── DATA EXCERPTS ──
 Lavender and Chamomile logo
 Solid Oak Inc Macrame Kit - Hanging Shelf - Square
───
── DATA EXCERPTS ──
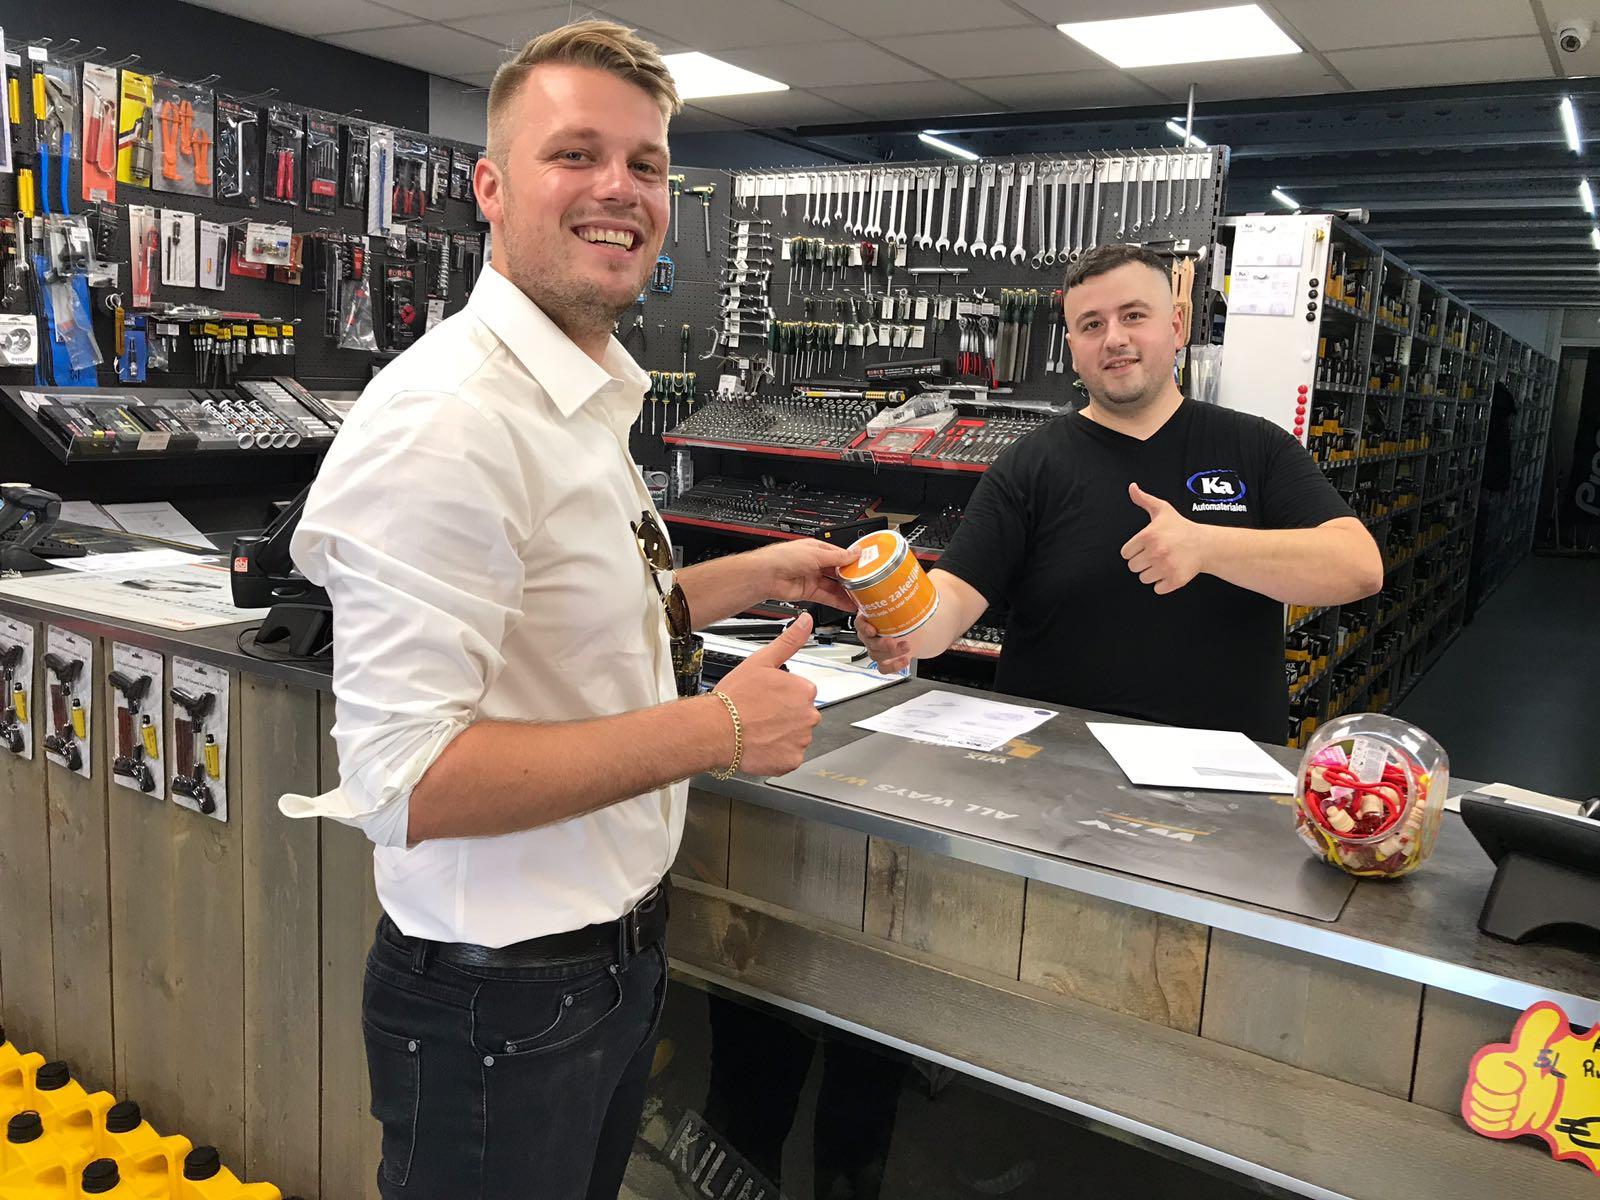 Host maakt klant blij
───
- **WORK REQUIRED**: The stretch of entries above that starts with the line containing "Lavender and Chamomile logo" and goes on through the line containing "Solid Oak Inc" is to be transcribed exactly, and no other line is to be transcribed.

- **RESPONSE**:
 Lavender and Chamomile logo
 Solid Oak Inc Macrame Kit - Hanging Shelf - Square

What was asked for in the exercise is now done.